I hate to reply “It varies from person to person” to every single question… but it really does in this case. I personally like to try to push through the barrier and keep on going; I genuinely think it helps me, but I can’t be scientific about it. All I can recommend is that you give it a try and see if you think it works for you… :slight_smile:


Hi Ben. I’ve read your advice in some of your interviews. you said that instead looking at the card for 3 to 4 sec. just see it fast and that we should trust our memory.

But when i tried to be fast i have so many blanks or missing images. Have you also experienced that before? And any advice to overcome this problem? or i guess it’s just practice more? thanks Ben

(Ben Pridmore) #43

“Practice more” is the safe but boring solution to just about everything, I’m afraid. But for this specific case, don’t worry about having blanks at first - I think the key is to get in the habit of going fast; you will get a higher percentage of recall if you keep trying it. Then you can slow down a bit and see if that helps, and I’d hope you’ll find yourself with a perfect recall at a faster speed than you were before.

What you’re looking for is the point at which your subconscious mind is perfectly fine with the mental image, but hasn’t yet passed that certainty on to your conscious thoughts. “Don’t think about it too much” is another golden rule I like to live by. :slight_smile:


How to use the method of loci for creating imagines for abstract words, so you can memorize verbatim text


How to use the method of loci for creating imagines for abstract words, so you can memorize verbatim text


How to use the method of loci for creating imagines for abstract words, so you can memorize verbatim text

(Ben Pridmore) #47

Well, it’s not really my area of expertise, but I think it basically comes down to using your imagination - think of a word that sounds a bit like the abstract word, and visualise that. I’m not really convinced that these techniques are particularly useful if you want to memorise a long text verbatim; there’s probably no way to do it without also reading and repeating it back to yourself a few times, as boring and old-fashioned as that approach is…

PS I heard you the first time, no need to repeat yourself :wink:

(Simon Luisi) #48

Hi Ben,

Thanks for doing this again. I have a few questions for you and a comment based on a change I’ve made that follows your method.

  1. I’ve recently viewed one of your online interviews with Ron White and I was surprised (if not intimidated) by the speed at which you speak. Given that telling yourself the story is memorizing it and given your speaking speed, it is not that surprising to me to see that you can memorize quickly. Am I the first person to notice this about you? I suspect that your speaking speed is a natural talent and you don’t even know yourself how you end up with that speed but if you have any hint into your ability, please share. Thanks.

I have recently switched from memorizing decks the wrong way (from the wrong end) to your way and I think your method is superior. It is especially good for a speedy and accurate deck correction. I was afraid that as I turn the deck around, having to see the bottom card without having to memorize it until the end would trouble me but this did not happen. The deck manipulation is a bit trickier at first but I got used to it quickly.

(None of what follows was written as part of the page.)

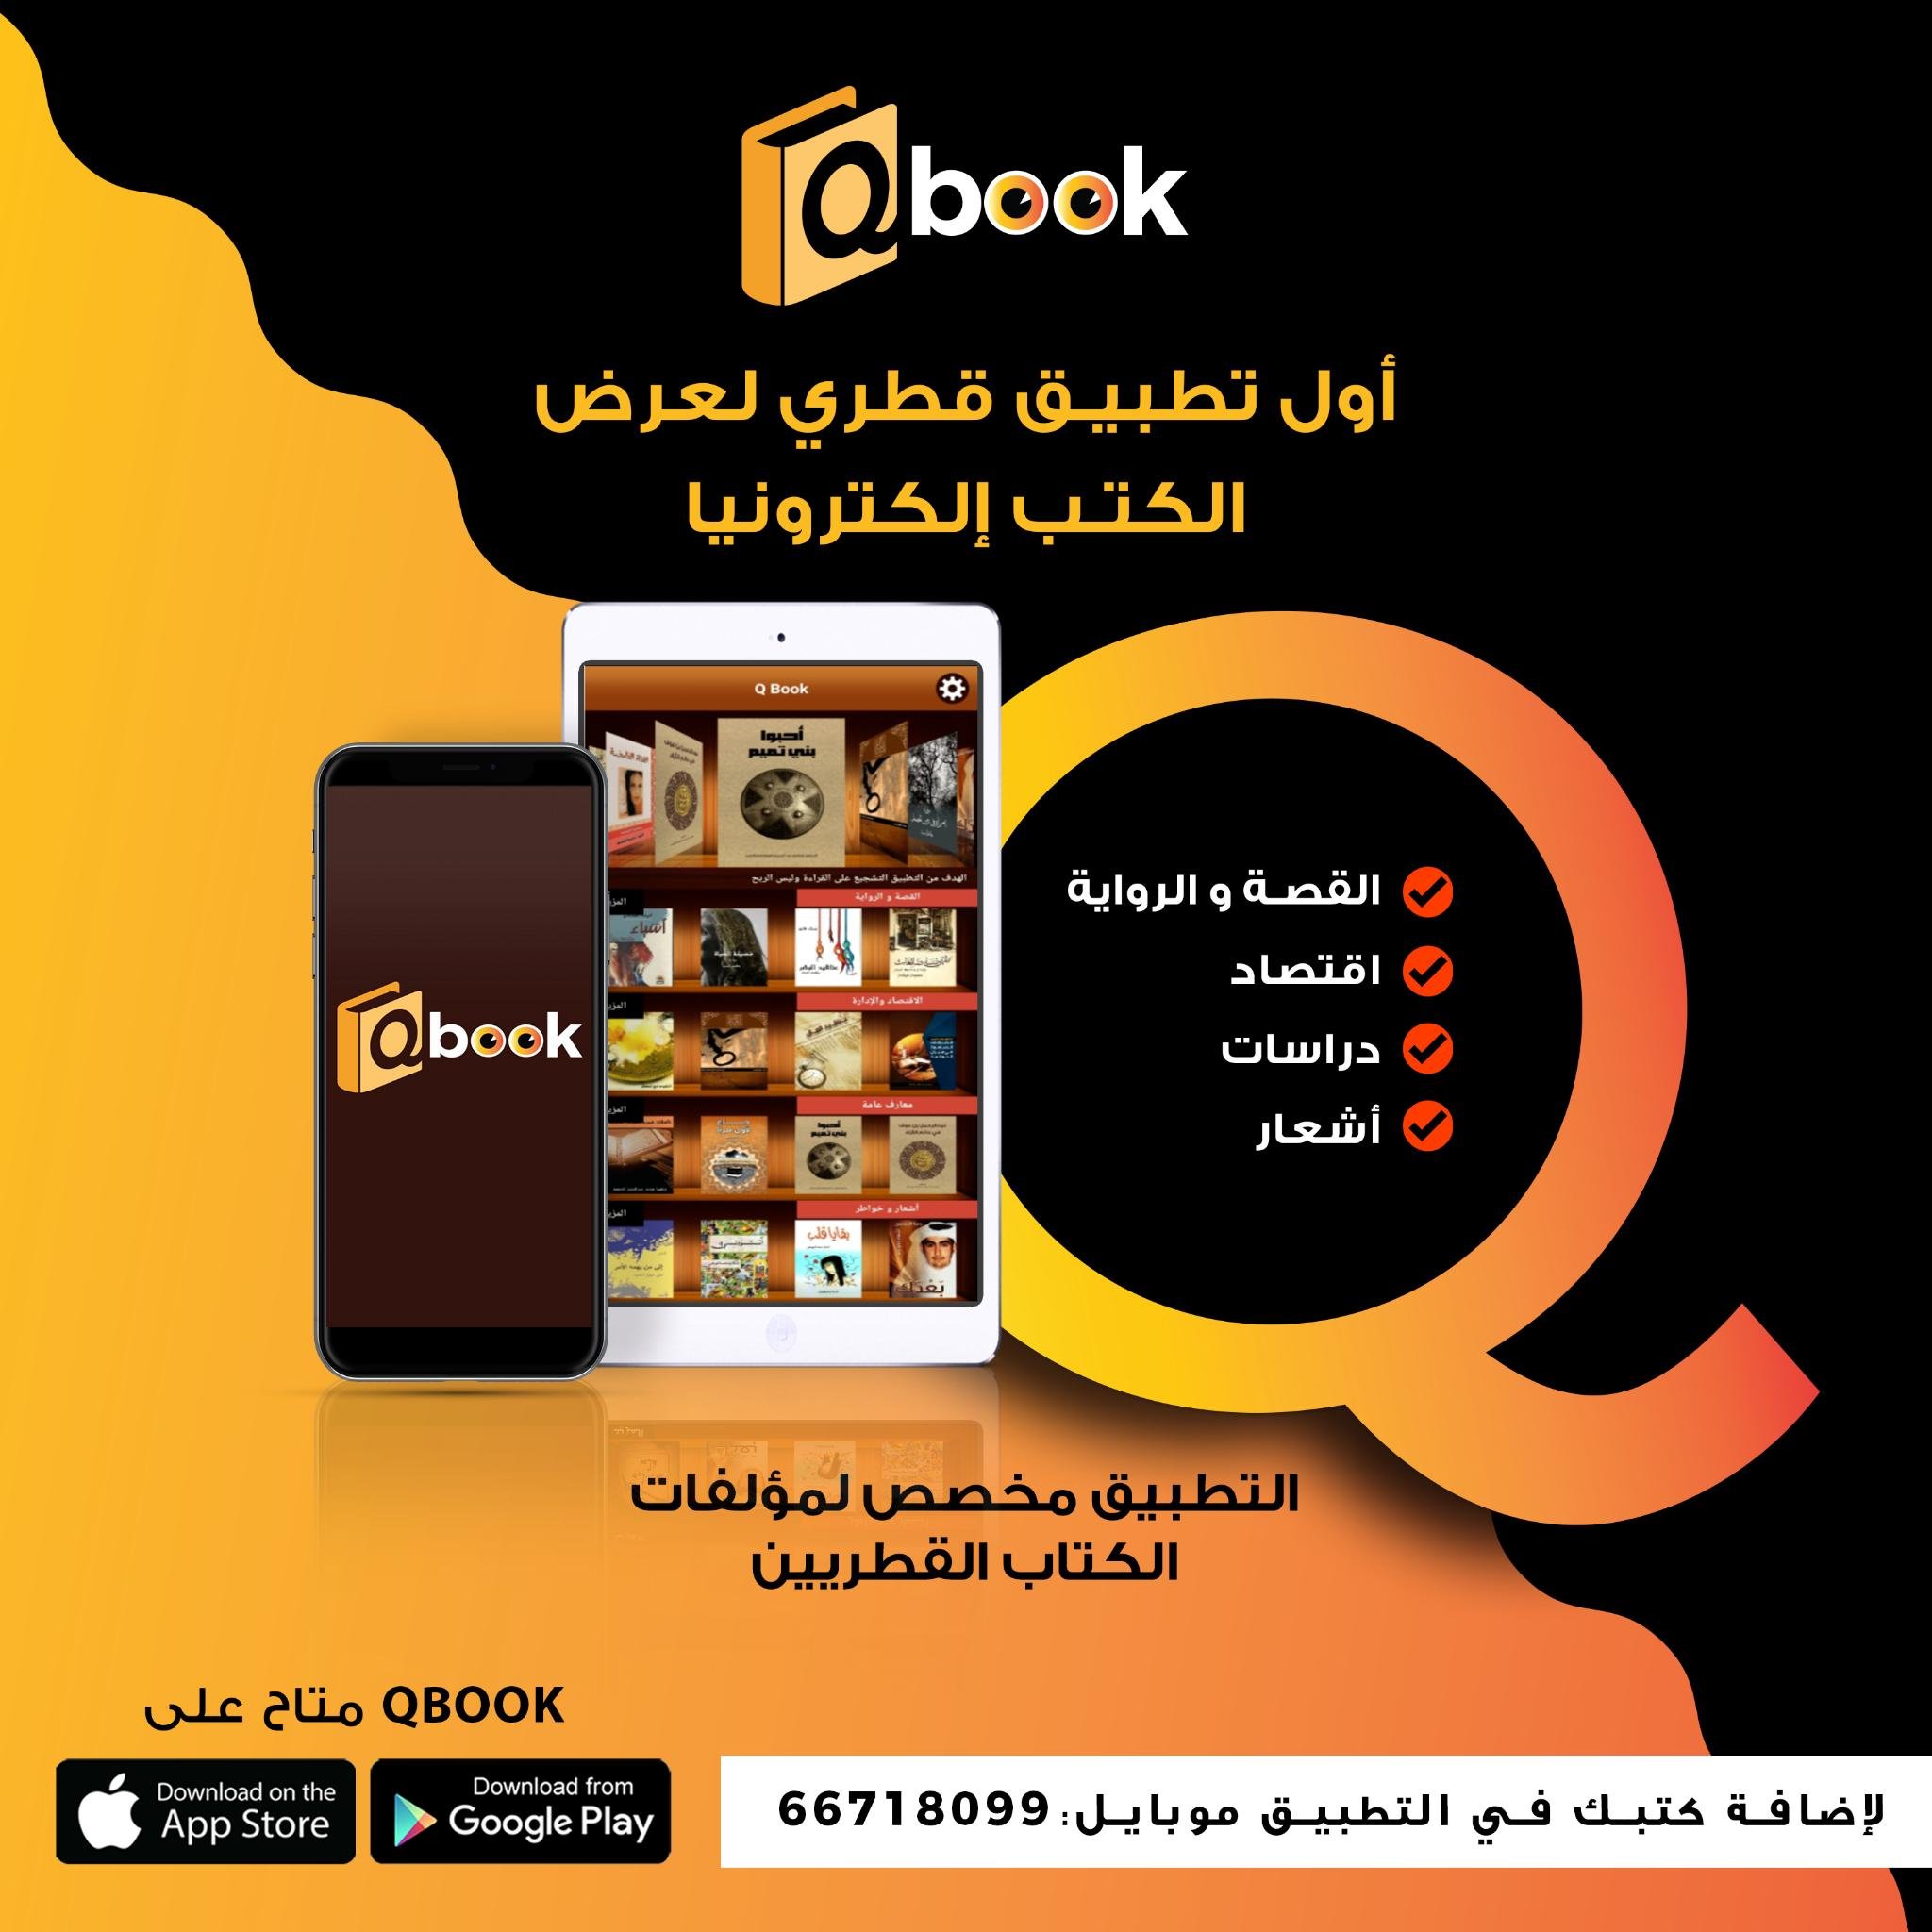 ‏‏‏QBOOK أول منصة إلكترونية قطرية للمؤلفين القطريين للتعريف بأعمالهم ومتجر لبيع الكتب والروايات والقصص وكتب الاقتصاد والمحاسبة والتدقيق والمعارف العامة

  1. When practicing, do you make it a point to anticipate your training results based on how you are feeling that day?

Thanks again. Reading your replies is highly instructive.

(Ben Pridmore) #49

I can’t say I’ve ever noticed that before, or that anybody’s ever mentioned it to me. It’s not just that the speed of Ron’s video is too fast, is it? Or on the other hand, I’m not a natural speaker, I don’t like talking in a context where people are going to pay attention to the things I say as if they’re intelligent or relevant to anything, I’m probably more nervous and babbling in that kind of video than I normally am.

Okay, now this… this is weird. I’ve been memorising cards that way round for what must be more than a decade now, and I’ve never once noticed the last card before I get to it. I had to go and get a pack of cards when I read your post, and look at the way I hold them, thinking “I can’t really be holding them in a way that means I see the last card, can I?”

But I am, and, well, I guess from now on I’ll be noticing that bottom card a lot more… :slight_smile:

I don’t consciously predict what I’m going to get, but I always do have a feeling about it, deep down, so the results never come as a big surprise. It’s not unheard-of that I find myself memorising a bit faster or slower than I expected I would, but those occasions are the exception rather than the rule.

(Silent Avenger) #50

Hey zoomy, so i have been memorizing for 15-30 minutes every night before bed using the memory league website, and a couple of days ago i scored 30/30 for images, and i have only been able to repeat that feat one time since. i seem to be scoring between 18-25 the vast majority of the time, any tips to over come this plateau i seem to have hit?

(Ben Pridmore) #51

As a general rule, the best way to get over a plateau is to try to forget that there is one. If you can somehow put it out of your mind, it won’t be an obstacle. I always think that knowing your limits is a terrible thing to do…

To be more specific, is it that you only have time to look at 18-25 images in 60 seconds, or that you look at them all but can’t get the order right in recall? If the first, I suggest going faster - if the second, I think the key is to link them together more carefully, so maybe go slower?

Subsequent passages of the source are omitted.